Documents as Objects: How We Rebuilt Prime's Document Engine

Documents as Objects: How We Rebuilt Prime's Document Engine

Documents as Objects: How We Rebuilt Prime's Document Engine

Documents as Objects: How We Rebuilt Prime's Document Engine

Mar 21, 2026

Every loan applicant signs a stack of legal documents. For a long time, we treated those documents like files. Here's what changed when we started treating them like code.

The Insight That Changed Everything

A document is completely defined by two things: the template and the data used to render it. The PDF is just the output of combining them. As long as those two pieces are stored, we can correctly reconstruct any document at any time.

That's the core idea behind Prime's document engine. Everything else follows from it: versioning, hydration, compliance auditability.

If you've ever worked in fintech, or any regulated field, you know the feeling that made us get here. Somewhere in your codebase, there's a dark corner where compliance documents get generated. A directory full of mismatched templates and strange conversions from "disbursement_amount" to "credit_provided_by_lender" that you pray are still accurate (since you're probably the first person to see this code in 6 months), convoluted rendering pipelines that have more exceptions and one-offs than happy paths. We had much the same.

As we were migrating to FastAPI, we had an opportunity. We were starting from the ground up in a new service, with a much better understanding of the requirements and a known good output to compare against.

What We Were Replacing

I was not at Prime when the original system was built, but I did see how it wore down as the scope of what it needed to do exploded. Multiple partners and multiple banks, each with their own requirements, plus state-specific regulations. The chain of if/else statements went from "that's manageable" to "I need to zoom out."

Each document type had its own generator class (FinanceAgreementGenerator, OfferSummaryAgreementGenerator, and so on), each with a dedicated DTO, an HTML renderer, and a PDF renderer. The service layer wired it all together with a long if/elif chain that manually fetched borrowers, lenders, partners, and loan terms for every document type.

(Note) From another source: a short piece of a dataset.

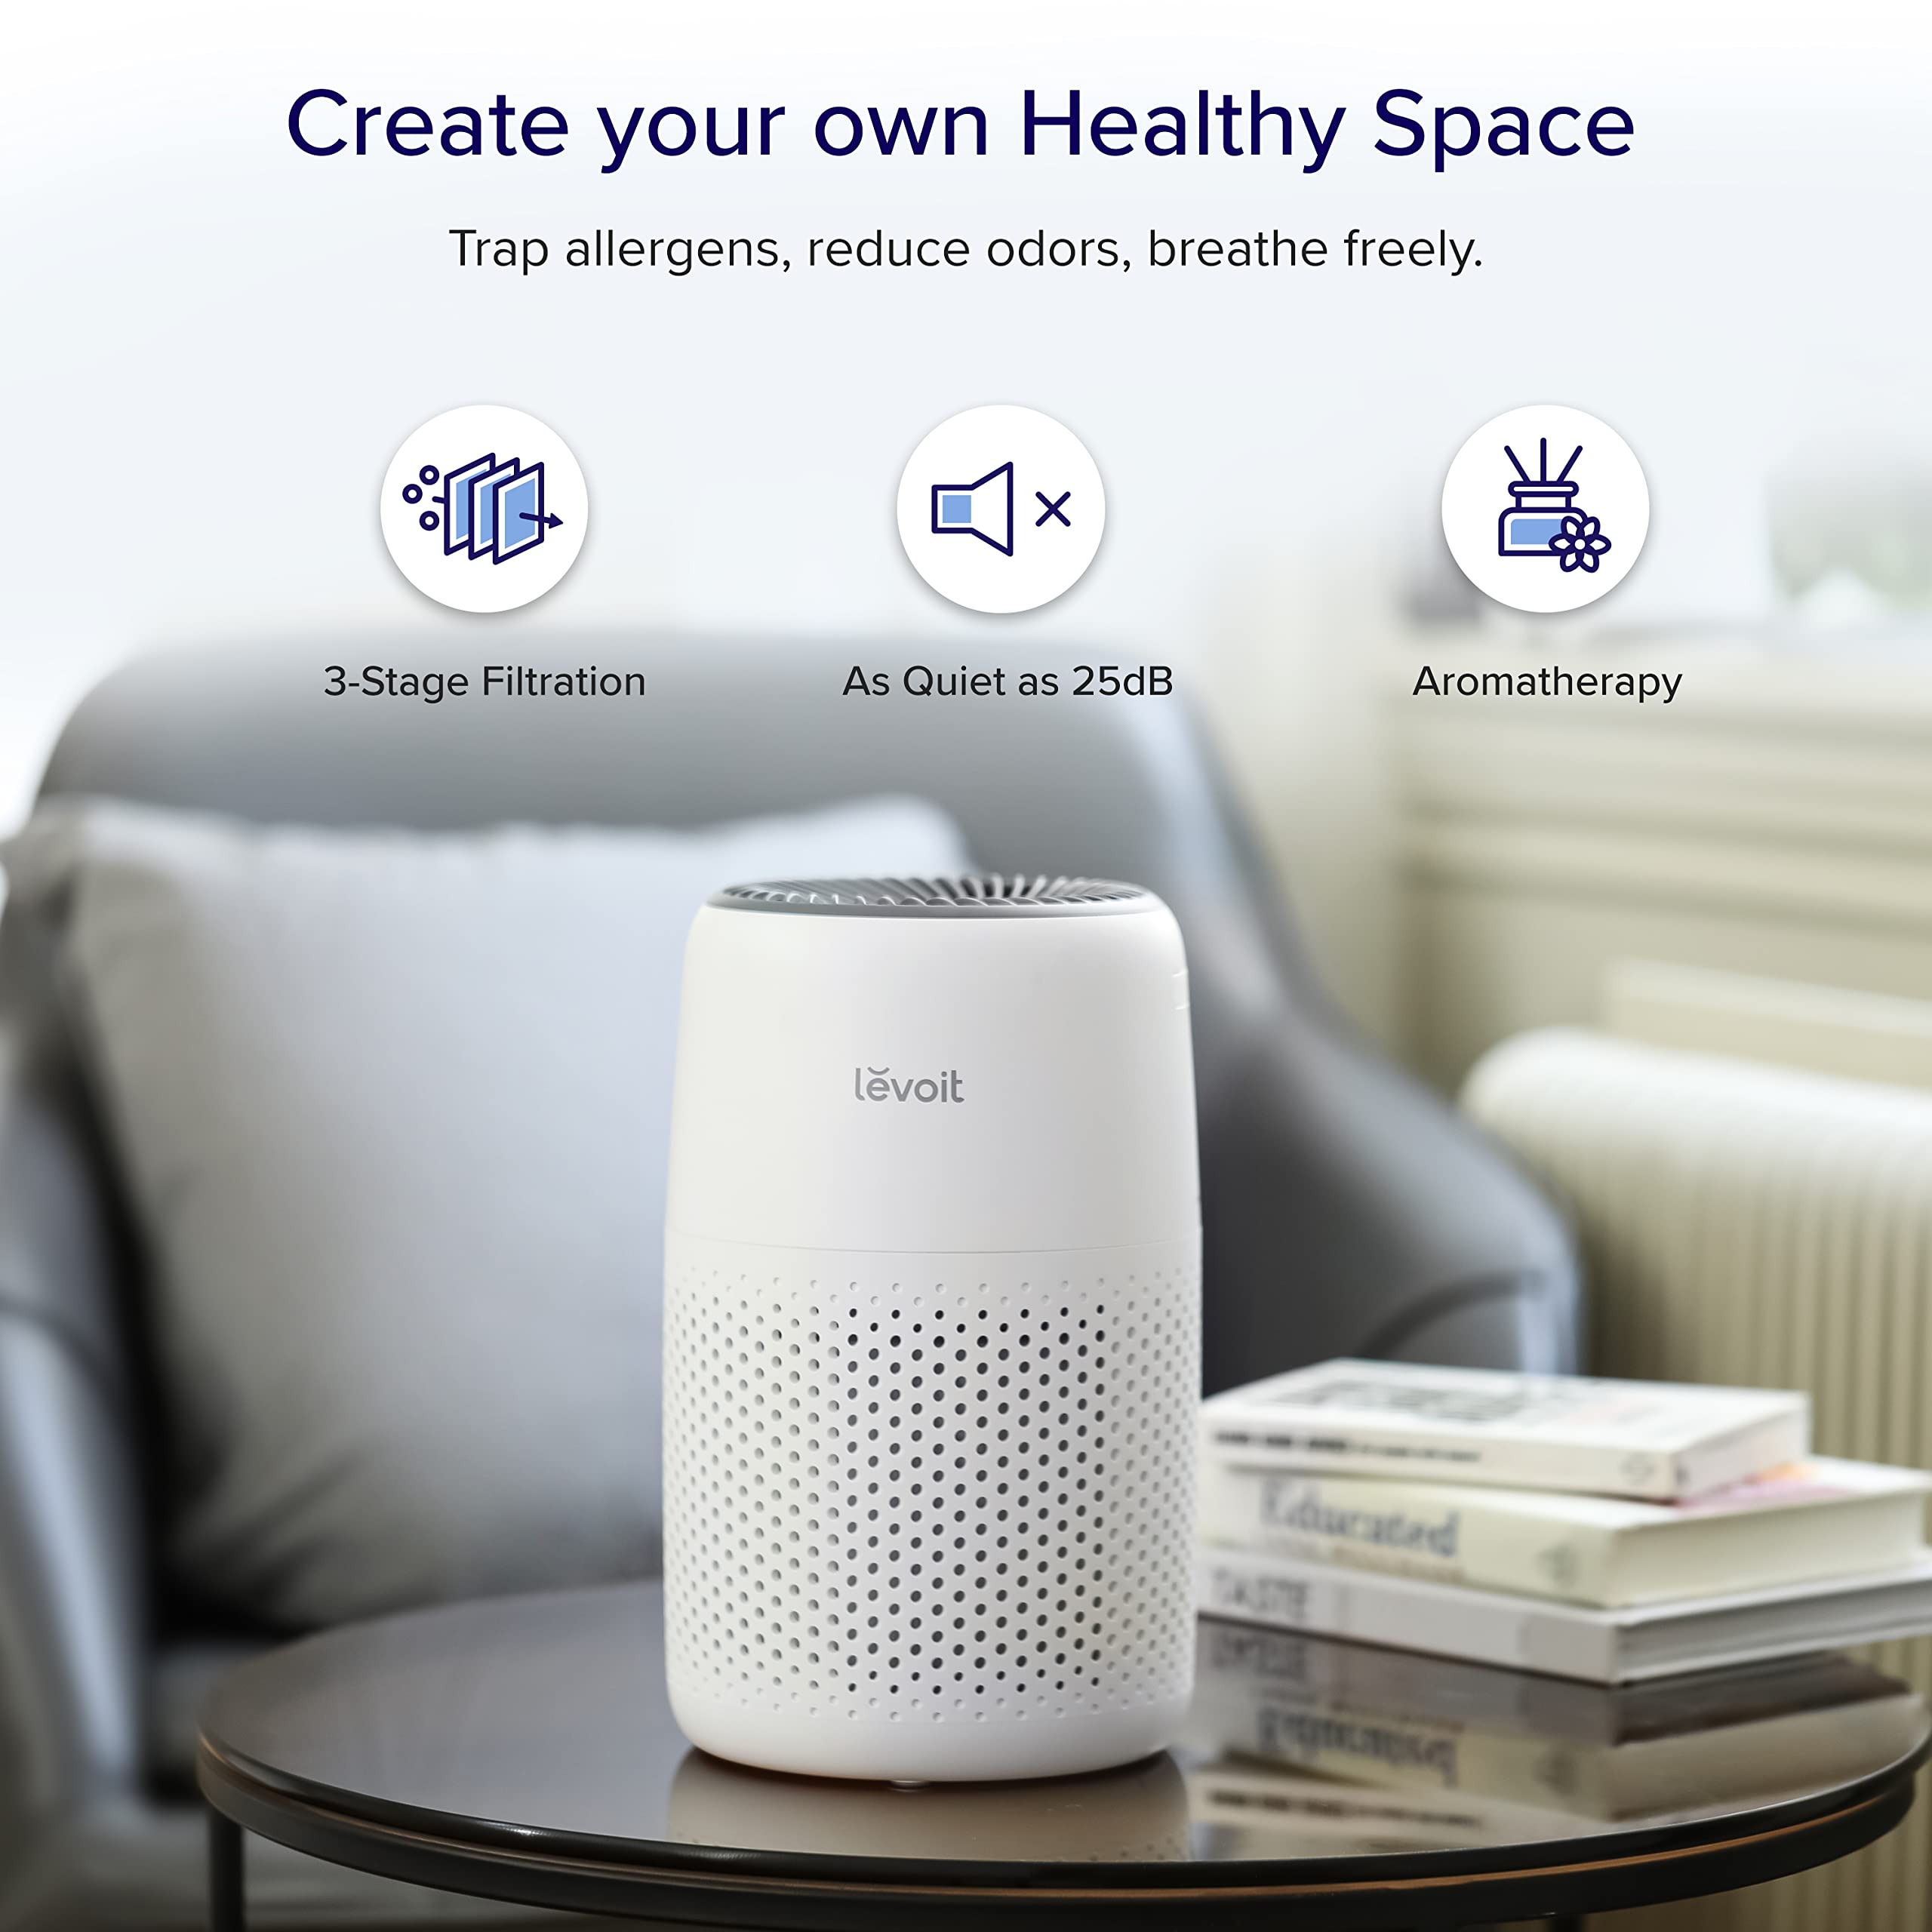 Breathe Deep With Confidence: Why You Need The Nispira Air Purifier For Healthier Air

Adding a new lender meant copying a generator class, creating a new DTO, and adding another branch. Adding a new state meant touching the chain again. It served us well for a year and a half, but the cracks started to show as we bolted on more and more and the changes became multiplicative instead of additive.

There was no one thing that finally made us rebuild. It was a building tension across a few pain points that got harder to ignore.

The biggest was version control. When legal changed a sentence in a document, we overwrote the template file. That meant we couldn't re-render a document that was signed under the previous version. For a compliance team that needs to pull up what a borrower actually signed six months ago, that's not great.

The second was regeneration. We didn't store the inputs that produced a document. There was even a comment in the code that said it plainly: "As we don't store html content in DB, we need to generate the html content every time." It wasn't wrong. It was just expensive, and fragile.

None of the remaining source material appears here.